Samstag, 13. Dezember 2014

Kunstkalender 2015 der GHV Darmstadt

Kunstkalender haben immer wieder eine eigene Anziehungskraft. Sie verbinden das Nützliche (Datumsangaben) mit dem Schönen (Bilder). Die guten Kunstkalender werden auf hochwertigen festen Hochglanzpapier gedruckt und die Drucke oftmals dann von dem Erwerber eingerahmt und aufgehangen. Zu diesen Kalendern zählt auch der von dem Versicherer GHV Darmstadt herausgegebene jährliche Kunstkalender. Dieser enthält zudem auf der Rückseite von jedem Monatsblatt zusätzlich Angaben zu dem jeweiligen Künstler, dessen Bild auf der Monatsseite eingestellt ist. 

Lisa Winter ist in dem neuen Kunstkalender der GHV Darmstadt für 2015, der gerade erschienen ist, mit einem Bild im Januar 2015 auch vertreten: "wohin oder keine bleibe", ein Werk aus 2011. 




Mittwoch, 10. Dezember 2014

Frankfurt (Oder): Stadt der Gegensätze

Der Gegensatz fällt schon auf bei der Einfahrt von der Autobahn, Abfahrt Zentrum. Eine Stzraße mit Schlaglöchern. Zu Beginn der Stadt Plattenbauten. Aber auch im Zentrum selbst sind Plattenbauten zu finden. Daneben alte Häuser aus der Jahrhundertwende um 1900,, teil verfallen, teils saniert. Daneben Neubauten aus der Zeit nach der Wende und Neubauten aus diesem Jahrtausend, wiederum krasse Unterschiede. 

Blick zur Oderbrücke, die Verbindung nach Polen


Oderuferpromenade

Oderuferpromenade

Verfallener Fabrikhof im Zentrum

Altes Rathaus, neu aufgebaut

Verfallen

Saniert


Weitere Bilder zur Frankfurt (Oder) finden Sie auf  > niehus-digital

Lisa Winter: anno domini

anno domini

Dezember. Man kann auch in diesem Bild Figürlichkeit erkennen. Oben rechts meint man einen Flügel wahrzunehmen, mittig könnten sich zwei Figuren gegenüberstehen. Was sehen Sie ?

Freitag, 5. Dezember 2014

nie wieder krieg

Der Anlass ist aktuell. Die IS, die in Libyen Trainingscamps eröffnet und im Iran Terror verübt, aber insbesondere auch die Krise in und um die Ukraine, die die Staaten wie USA, die EU und Russland zu immer neuen Provokationen und einem neuen Wettrüsten veranlasst. Das Thema Krieg kann nicht verdrängt werden, die Kriegsgefahr ist aktuell. Sie kann auch nicht an der Kunst vorbeigehen. Dies bringt Lisa Winter mit ihrem Bild "nie wieder krieg" zum Ausdruck.


Samstag, 1. November 2014

Wild und Mystisch

Das erste Bild von Lisa Winter  -  wildes wasser (60 x 80 cm) - erinnert an einen wild fließenden Gebirgsfluss. Strudel sind zu sehen, das Abenteuer für Kanuten.

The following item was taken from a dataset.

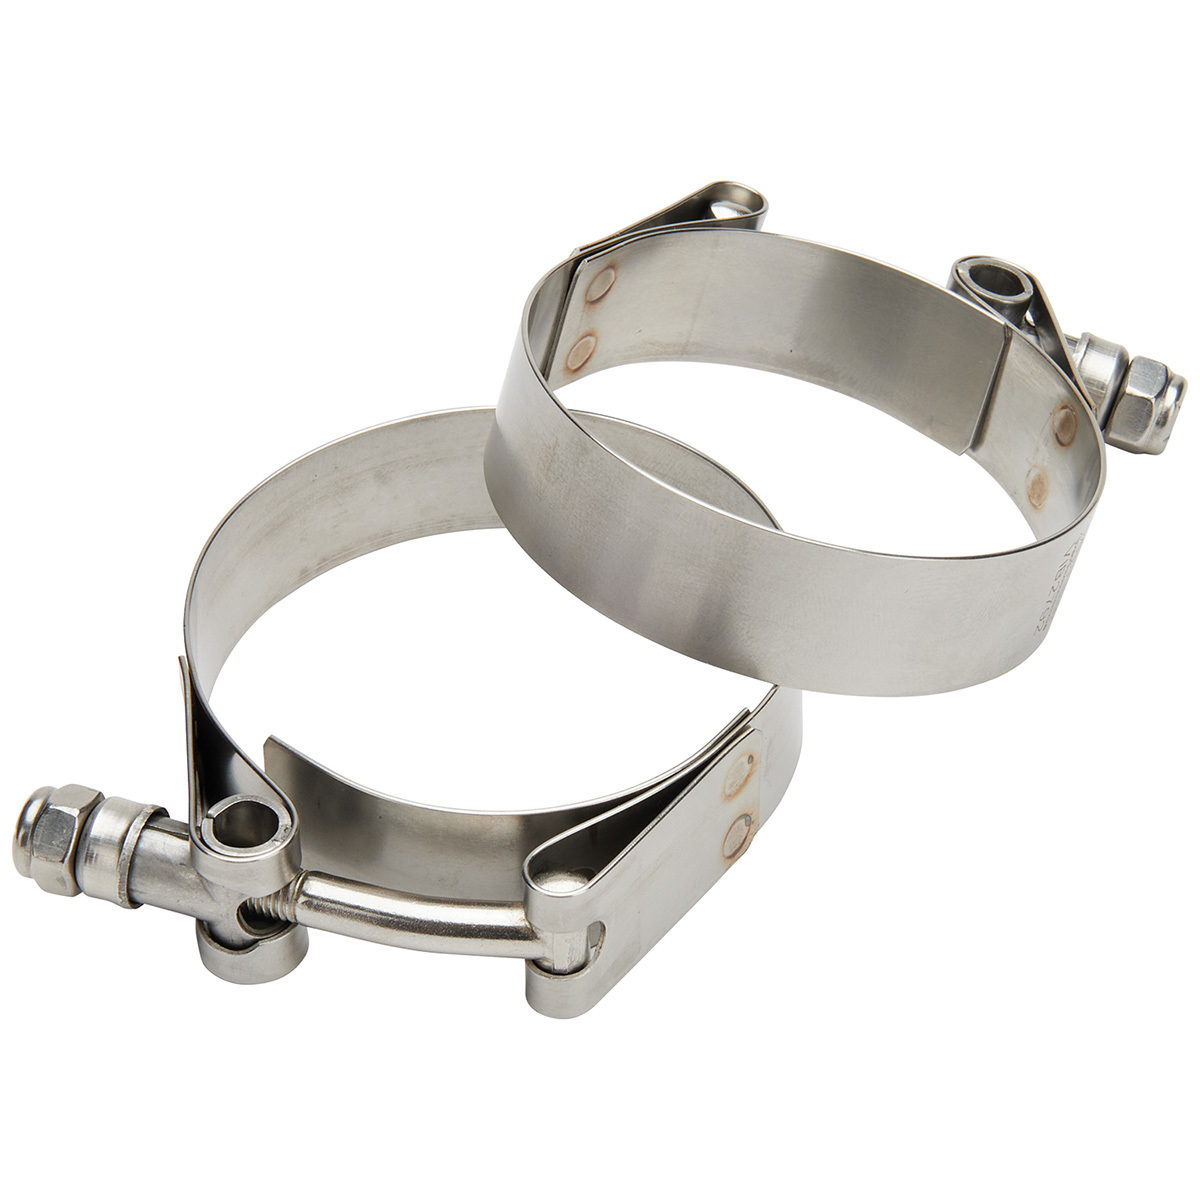 Allstar Performance 18350 Hose Clamp, T-Bolt, 3/4 in Wide, 2-3/8 to 2-3/4 in Range, Stainless, Natural, Pair
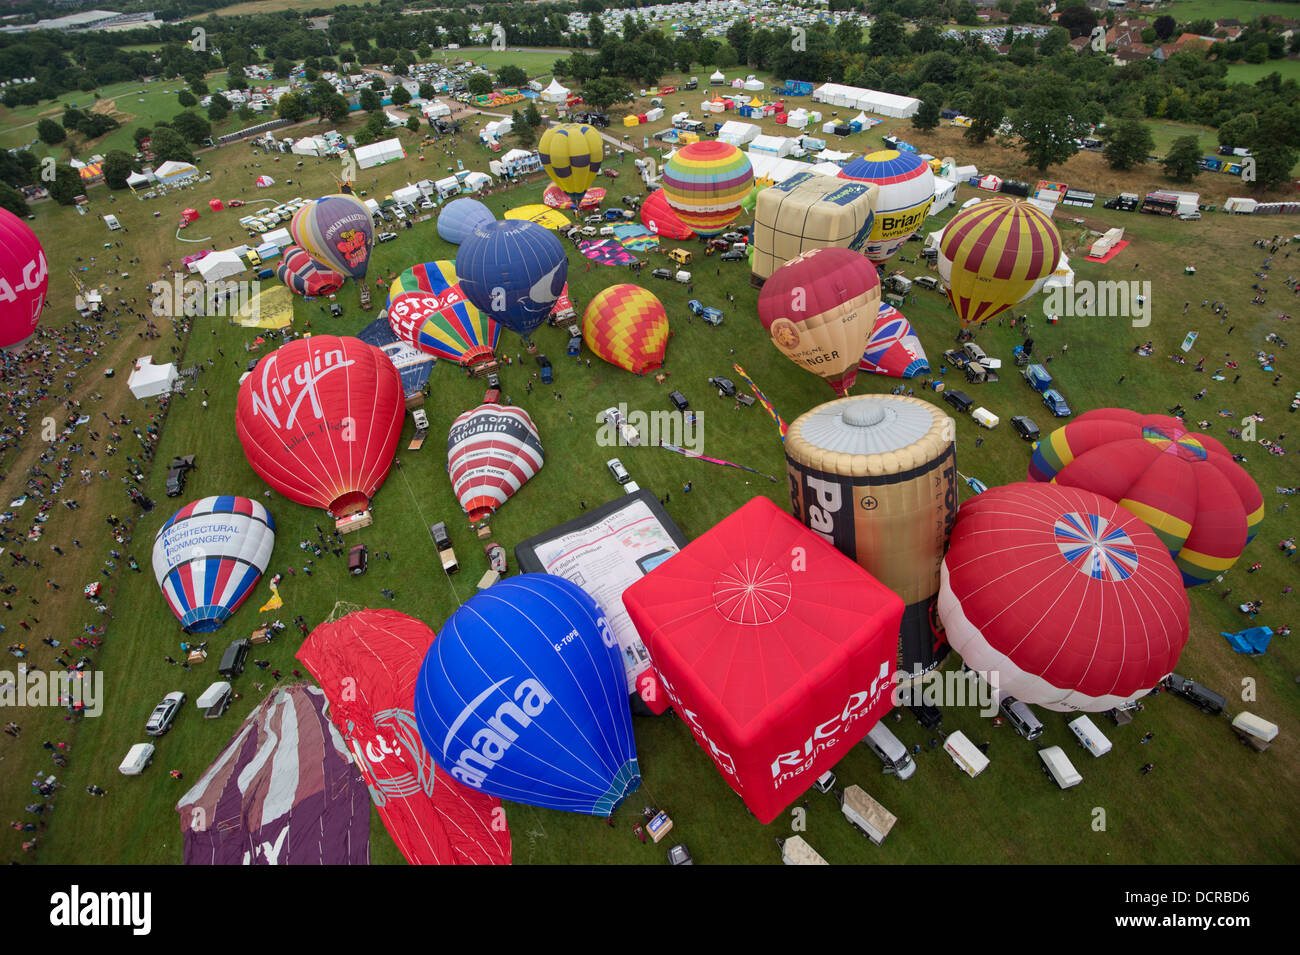 Bristol International Balloon Fiesta 2013, showing the mass ascent and landing of more than 100 balloons at this annual event. a UK Stock Photo

Im nachfolgenden Bild - elfenspiel (80 x 100 cm) - wird wieder die Phantasie entführt. Elfen können gesehen werden, oder blattlose Bäume in einer winterlichen Moorlandschaft. Dieses Bild gehört zur Gruppe der mystischen Bilder von Lisa Winter.

Samstag, 25. Oktober 2014

Frankfurter Skyline

Die Skyline, vom Osthafen aus aufgenommen. Im Vordergrund die Deutschherenbrücke (eine Eisenbahnbrücke).



Freitag, 17. Oktober 2014

Frankfurt im Nebel - Sonntags um 8









Die Bilder wurden am 12. Oktober 2014 aufgenommen. Beginn des kleinen Spaziergangs durch Frankfurt war 8.00 Uhr, Ende kurz nach 9.00 Uhr. Brötchen wurden natürlich für das Frühstück gekauft....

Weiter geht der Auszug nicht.